State Democrats lashed out at Maine Governor Paul LePage after he criticized the Supreme Court’s healthcare ruling in his weekly radio message, comparing the Internal Revenue Service (IRS) to the Nazi Gestapo.
Governor LePage, like many critics of the president's signature health care reform law, targeted the individual mandate, which requires that one either buys a health insurance plan or pay a penalty to be collected with the yearly income tax filing.
"This decision has made America less free,” he claimed. “We the people have been told there is no choice. You must buy health insurance or pay the new Gestapo - the I.R.S."
Maine Democratic Party Chairman Ben Grant, responding to LePage's remarks, said, "We've come to expect a bunch of nonsense from Gov. LePage, but this is a step too far. There appears now to be no limit to the extreme language he will use to misinform, degrade and insult people. Somebody needs to explain to him that he's the governor of a state, and not a talk radio host.
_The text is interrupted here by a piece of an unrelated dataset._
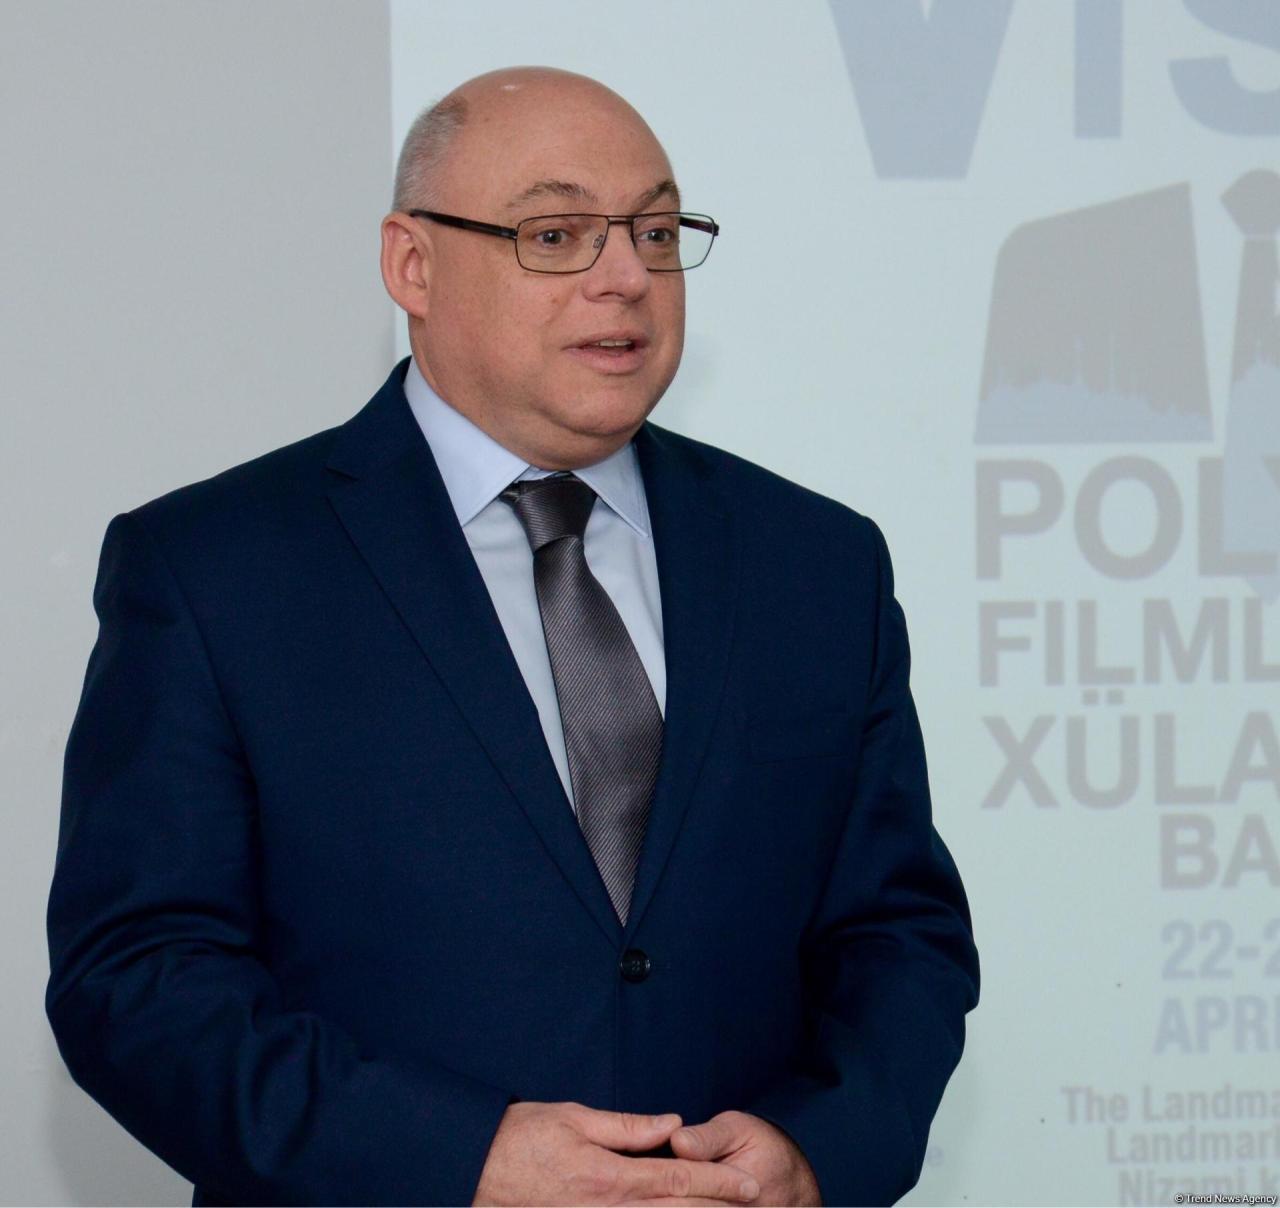 Шедевры польского кинематографа в Баку: открытие фестиваля "Висла"

I demand a full apology on behalf of all those who suffered at the hands of the real Gestapo."
"There is nothing that degrades politics more than purported leaders who so cavalierly invoke the worst in human history when they can't get their way in legitimate, modern policy disagreements," Grant said.
"The Governor's language is intentionally offensive. This goes beyond political rhetoric," asserted House Leader Emily Cain. "The experience of the Holocaust survivors and veterans of World War II who witness the true terror of the Gestapo should not be trivialized for political shock."
Assistant Senate Leader Justin Alfond added that, "his comment trivializes an historic atrocity and mischaracterizes ObamaCare for the sake of political divisiveness. This is yet another instance of the Governor choosing hostile language over substance."
The Anti-Defamation League released a statement saying, "The Governor should immediately apologize for his remarks and demonstrate an understanding of why they are offensive to all who value civil discourse. Comparisons to the Nazi police force have no place in modern politics or anywhere else."